The nice thing is, as I've spent the better part of my life in dentist's chairs (I had bad teeth before I even had teeth), I'm not one to be bullshitted by health care professionals. Later, when I worked at a hospital (movin' stuff: well, Material Transportation Technician, then later in Medical Records), I noticed the stunning arrogance displayed toward the patient by the provider. Like they were busted cars or something, and didn't need anything in the way of explanation for what was happening to them.
I understand why this is often the case: you can't become too emotionally attatched to strangers who are currently clients who might just die. However, if the staff doesn't provide me with clear explanations, or are oblivious to the fact that maybe I am more familiar with my case than they are, or are lax in their attitudes toward pain management, I go all commando and remind them that, despite the enormous amount they spent on their educations and current God-like omnipotence, they are still my employees.

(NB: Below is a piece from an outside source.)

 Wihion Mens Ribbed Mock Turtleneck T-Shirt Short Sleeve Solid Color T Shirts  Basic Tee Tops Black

Fortunately, my stepfather is the same way.
Along the lines of not getting too attatched: my job as a mover of stuff required me to be in the emergency room a lot, waiting for lab samples to run. I had gotten my friend a job there too, and one night it hit him:
"Those two guys from the motorcycle wreck they just brought in? They're our age!"

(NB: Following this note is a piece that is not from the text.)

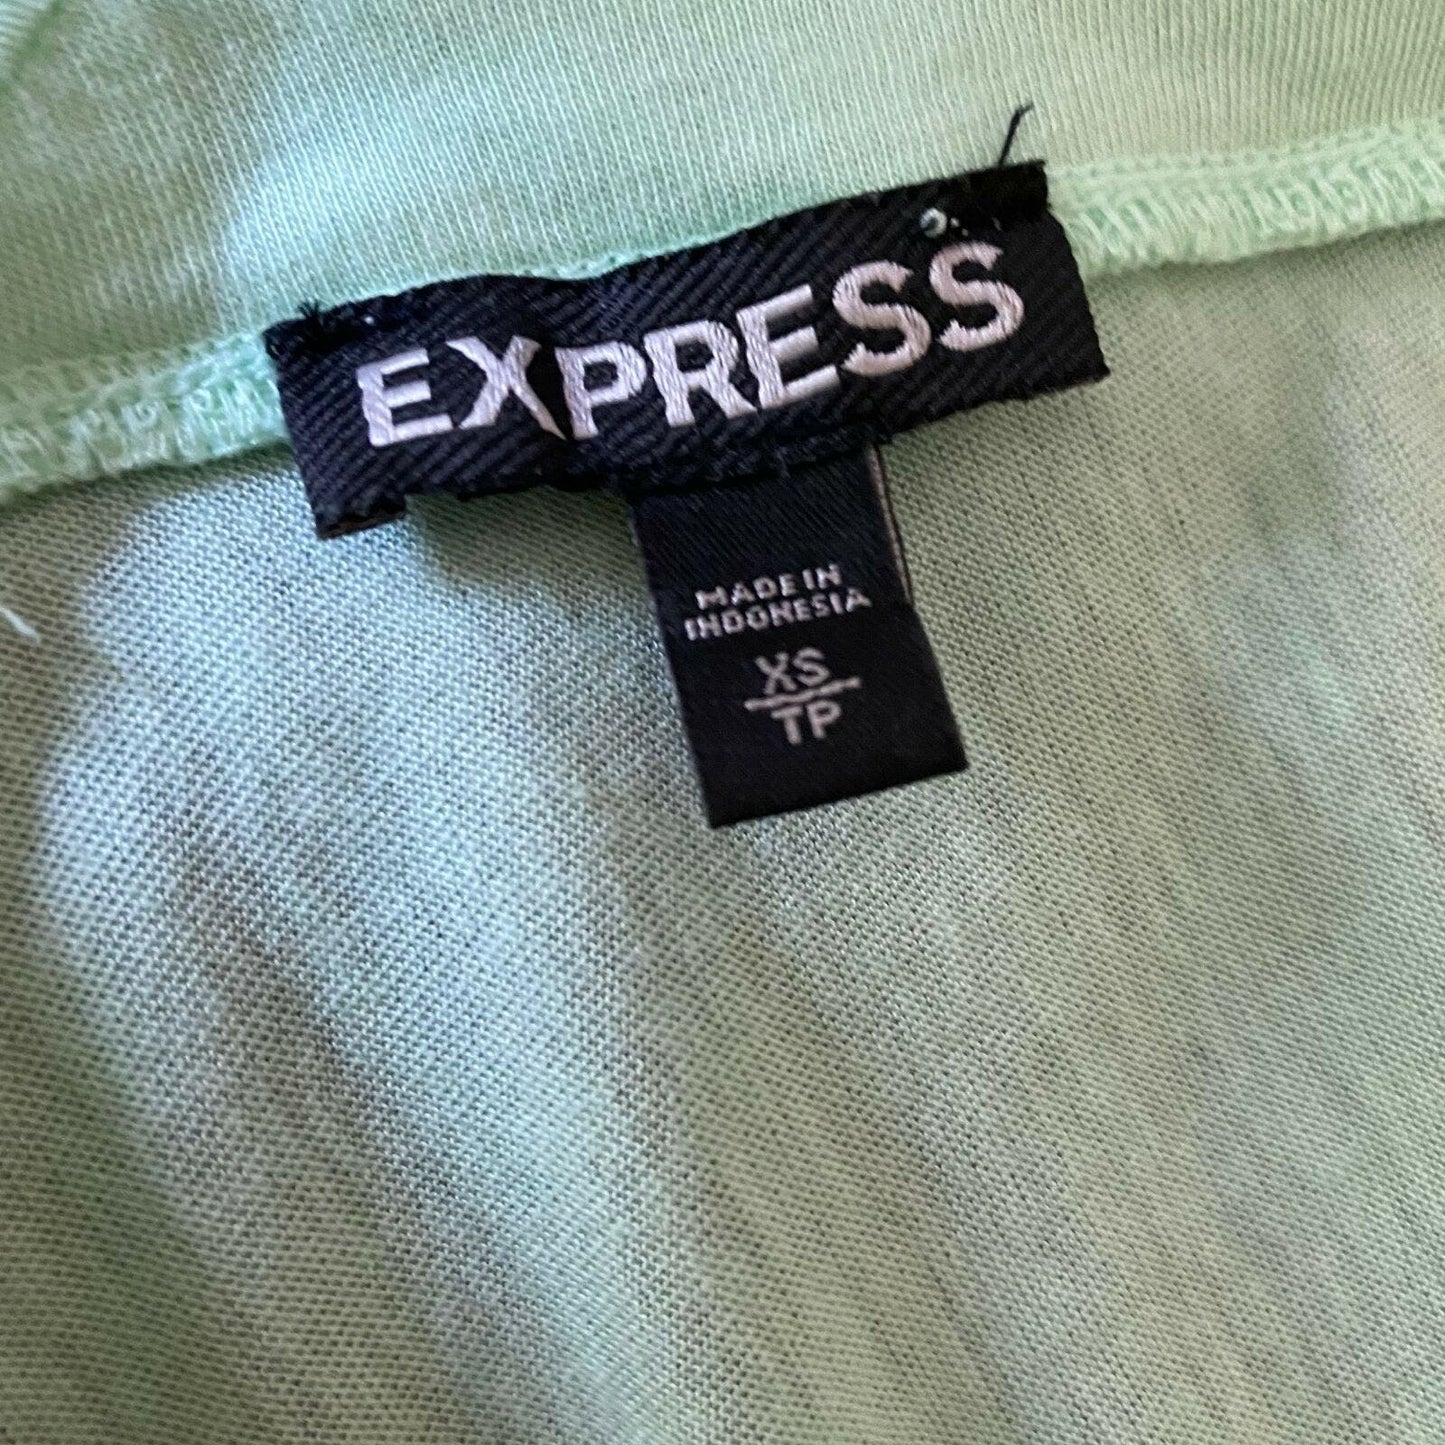 Express sz XS 3/4 sleeve V neck block color blouse shirt

"Yup," I said, "And people our age, older and younger, die every day."
He got all red for a minute. "So you just harden yourself to it?"
"But you have to accept it."
This puts me in a mood to do a posting about all the jobs I've had, and I've had a lot. Maybe that will be the last project before I go. I've got some pretty big worries on my mind, but I can't really even worry yet, since we don't know anything.
You know, this one was going to be about Lewis and Clark. The Corps of Discovery found their way to the ocean about two hundred ago, as I said, and on the anniversary year, Oregon always goes nuts. I'm really in the mood for quiet, so I'm probably not going to be joining in any of the festivities, but all the same, Meri and Will, belated congrats. "Ocean in sight. O the joy!", indeed.
Mind you, Clark couldn't spell to save his life, so it was really 'Ocian', 'site' and 'joi', but you get the picture.